Quotations list about sausages captions for Instagram citing Otto von Bismarck, Alvin Toffler and Otto von Bismarck sayings.
What are the best sausages quotes?
We've gathered this hand-picked list of quotes to show you what is sausages!
Whether a inspirational quote from your favorite celebrity Otto von Bismarck, Alvin Toffler or an motivational message about giving it your best from a successful business person, we can all benefit from a famous sausages quote.
Laws are like sausages, it is better not to see them being made. — Otto von Bismarck
Profits, like sausages... are esteemed most by those who know least about what goes into them. — Alvin Toffler
To retain respect for sausages and laws, one must not watch them in the making. — Otto von Bismarck
Never chain your dogs together with sausages. One must accustom one's self to be bored. — Lady Bloomfield
A highbrow is the kind of person who looks at a sausage and thinks of Picasso. — Auberon Herbert
A mighty good sausage stuffer was spoiled when the man became a poet. — Eugene Field
No atomic physicist has to worry, people will always want to kill other people on a mass scale. Sure, he's got the fridge full of sausages and spring water. — William S. Burroughs
I used to help my granddaddy make sausage. He would mix it up in a cleaned-out washtub with his hands, no gloves. Man, if we did anything like that today, they would jack the jail up and throw us under it. — Jimmy Dean
It was actually quite easy to work with Uggie, because he's a really well trained dog. Very talented. I just had to follow him a little bit, improvise a little bit. Sometimes he'd follow me. Especially because of the sausages I had in my pocket.
Our company sells about five to six million pounds of sausage a year.
We sell it retail and to restaurants. We've got all kinds of products.
My first outdoor cooking memories are full of erratic British summers, Dad swearing at a barbecue that he couldn't put together, and eventually eating charred sausages, feeling brilliant.
That's called a microphone. It's a big sausage that picks up everything you say - and you're starting early.
Litigation: A machine which you go into as a pig and come out of as a sausage.
A high-brow is someone who looks at a sausage and thinks of Picasso.
Lawsuit: A machine which you go into as a pig and come out of as a sausage.
I do adore food. If I have any vice it's eating.

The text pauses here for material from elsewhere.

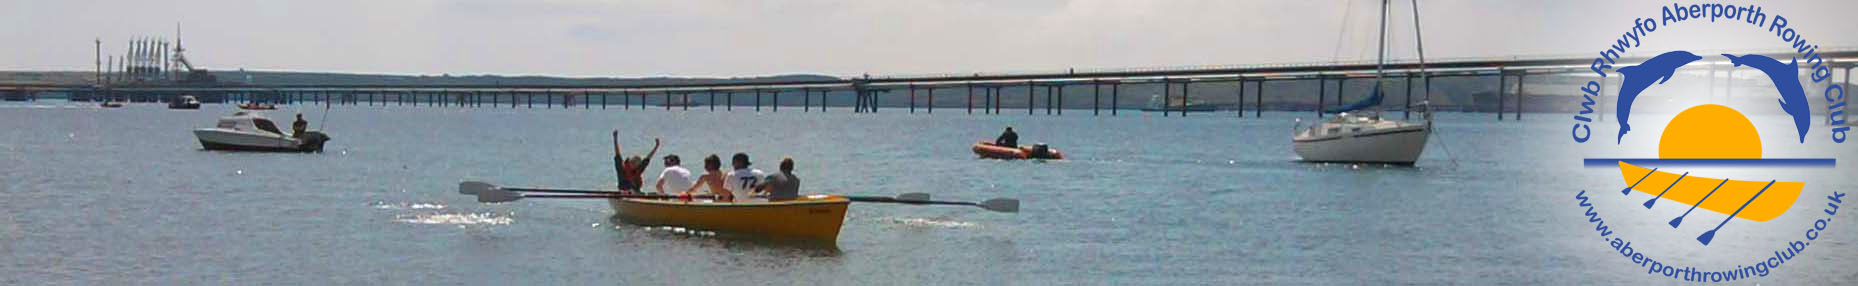 Clwb Rhwyfo Aberporth Rowing Club Rotating Header Image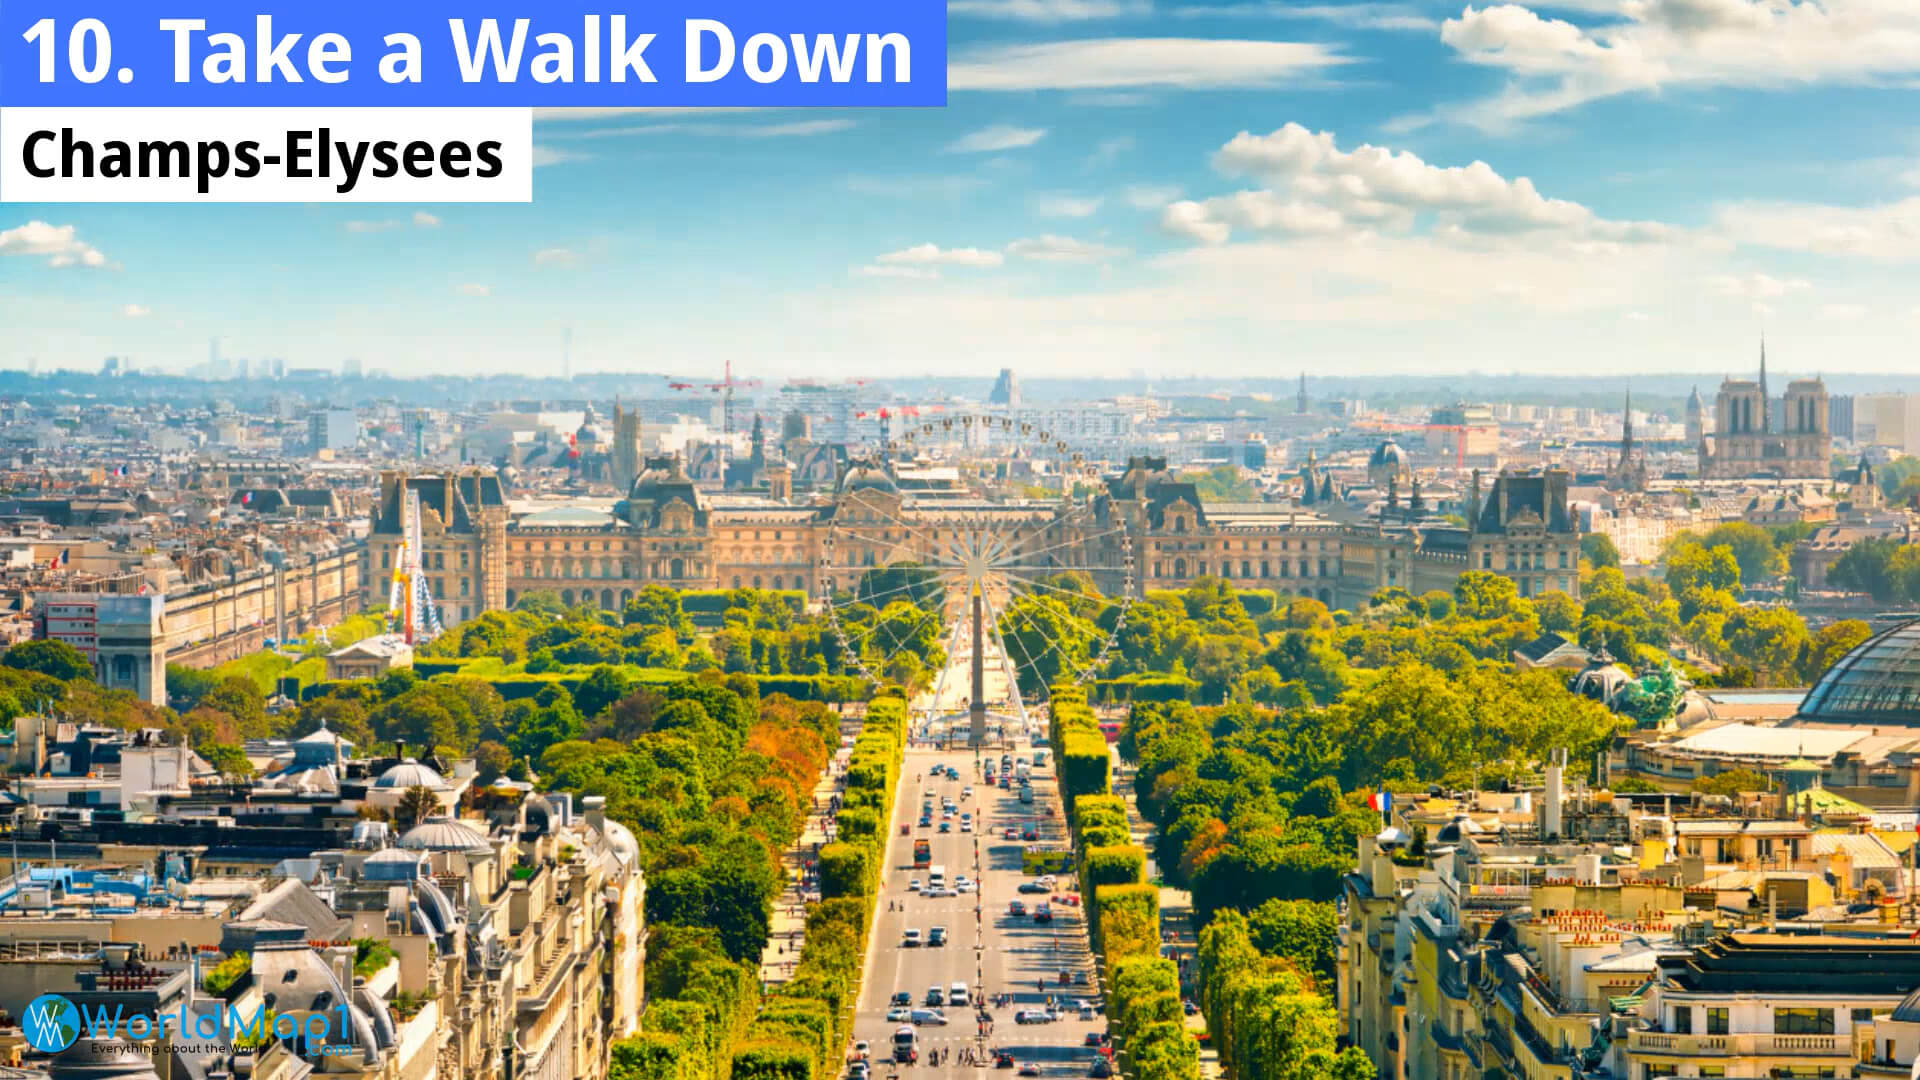 Take a Walk Down Champs-Elysees

If I was told I could only eat one food for the rest of my life, I could put up with sausage and mash forever.
For as long as I can remember, my father saved.
He saves money, he saves disfigured sticks that resemble disfigured celebrities, and most of all, he saves food. Cherry tomatoes, sausage biscuits, the olives plucked from other people's martinis --he hides these things in strange places until they are rotten. And then he eats them.
Yes, we praise women over 40 for a multitude of reasons.
Unfortunately, it's not reciprocal. For every stunning, smart, well-coiffed, hot woman over 40, there is a bald, paunchy relic in yellow pants making a fool of himself with some 22-year old waitress. Ladies, I apologize. For all those men who say, Why buy the cow when you can get the milk for free?, here's an update for you. Nowadays 80%of women are against marriage. Why? Because women realize it's not worth buying an entire pig just to get a little sausage!
Sausage is a great deal like life. You get out of it about what you put into it.
I didn't like my mouth because I always felt like it was a sausage for a bottom lip, and I have an overbite, so I can't exactly close my mouth. It's really, really hard! But now I like it because it's kind of sultry, and it's my mouth. I should say I don't consider my bottom lip a sausage lip now - I like it, but I guess I grew into it. I definitely saved a couple hundred bucks instead of getting fillers.
In Germany, people are saying, "George W.
Bush is an asshole. Osama Bin Laden is an asshole." But then I make jokes about Auschwitz, and how the Germans are lederhosen-wearing sausage freaks - and they hate me for this! And I'm like, "You all are sitting there because you want to relax and have a nice evening, and now you're pissed because I put also a mirror in front of you."